In a first aspect, the present invention provides a method, an apparatus, and a computer program product for calculating an indicator of operator distraction for an equipment operator. In a method aspect, the invention comprises a step of receiving distraction-correlated indicator information regarding the operator from devices around an operator. After the receiving step, the invention performs a step of estimating a distraction level from the information. Subsequently, a step is performed for producing an output indicative of the distraction level in order to facilitating a threat assessment decision.
In a further aspect, in the step of producing an output, the output produced ensures that when the distraction of the operator is high, the threat assessment decision is made conservatively.
In a still further aspect, the activity information is received from at least one device selected from the group comprising vision-based sensing systems, range-finding systems, and operator-manipulated devices.

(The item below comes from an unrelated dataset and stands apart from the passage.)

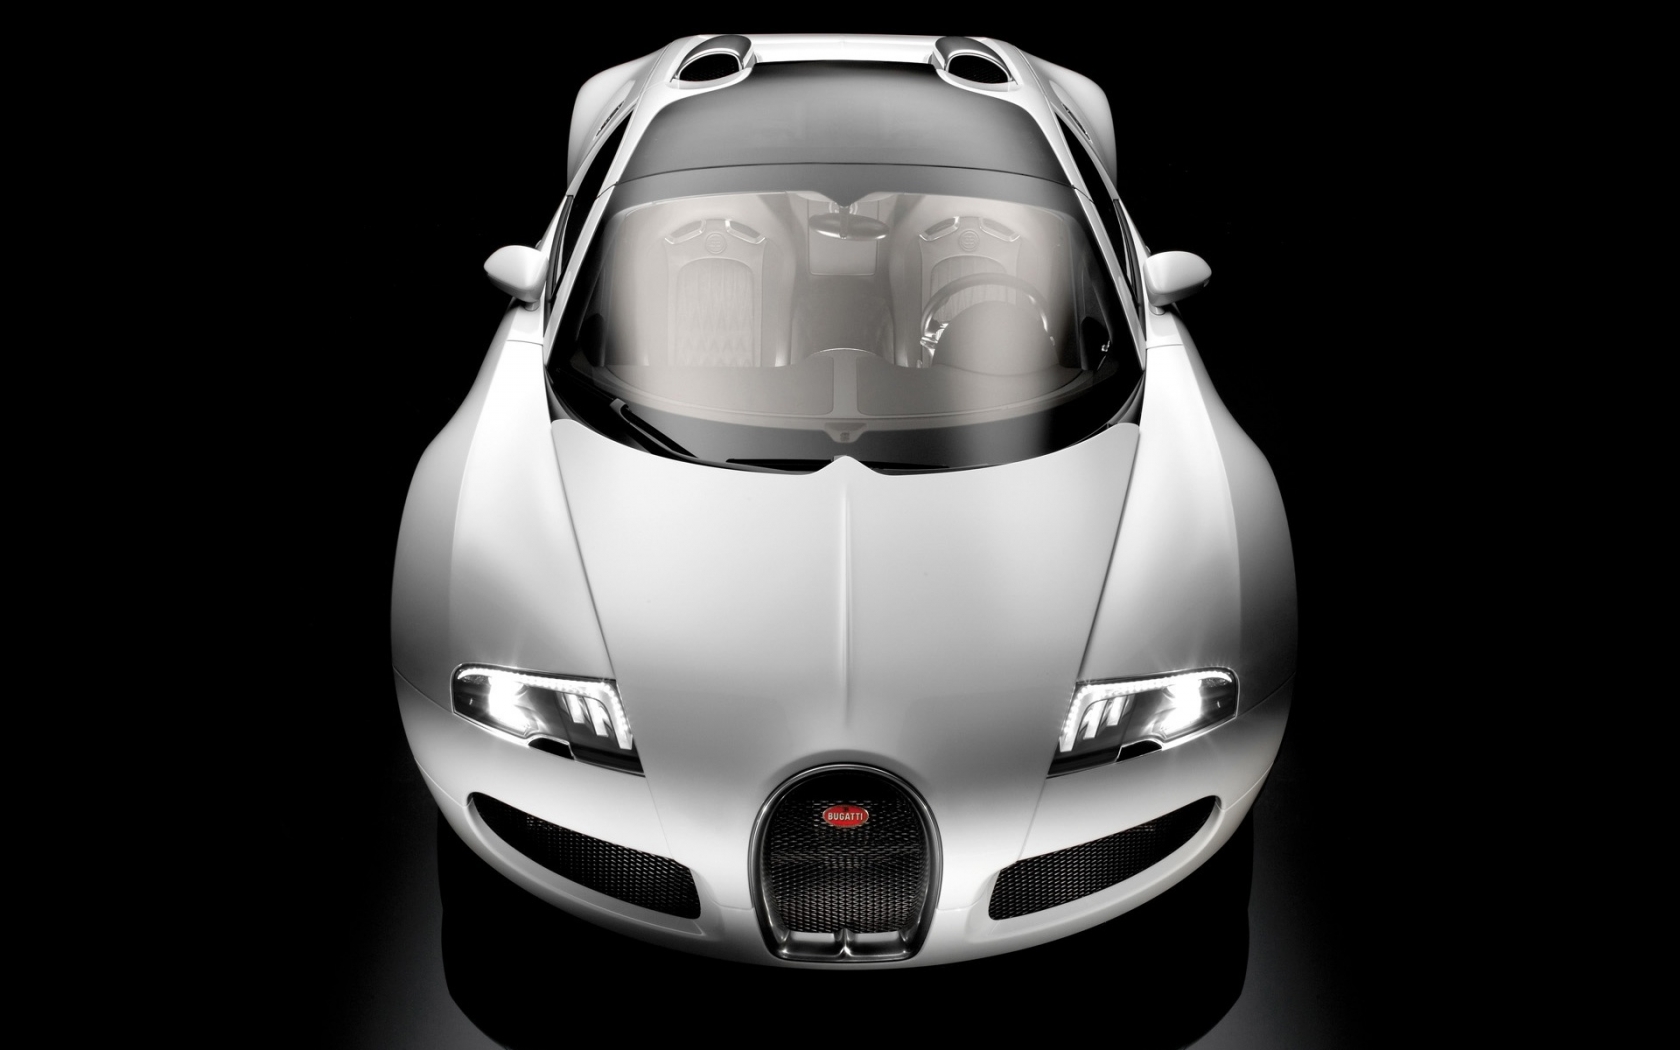 Bugatti Veyron 16.4 Grand Sport 2009 - Front Top Studio for 1680 x 1050 widescreen resolution

In a yet further aspect, the present invention further comprises a step of grouping the activity information into complex task types comprising sets of related activities. Subsequently, a step is performed for determining an elapsed time since the start of the first activity in a complex task. Next, a step of determining the delay time since the most recent activity in the complex task is performed. Next, the delay since the most recent activity is compared with a minimum task quiescent period, and when the delay exceeds the minimum task quiescent period, resetting the elapsed time and the delay. During the performance of a complex task, the type and the elapsed time of the complex task are compared with other information in order to produce the output for facilitating the threat assessment decision.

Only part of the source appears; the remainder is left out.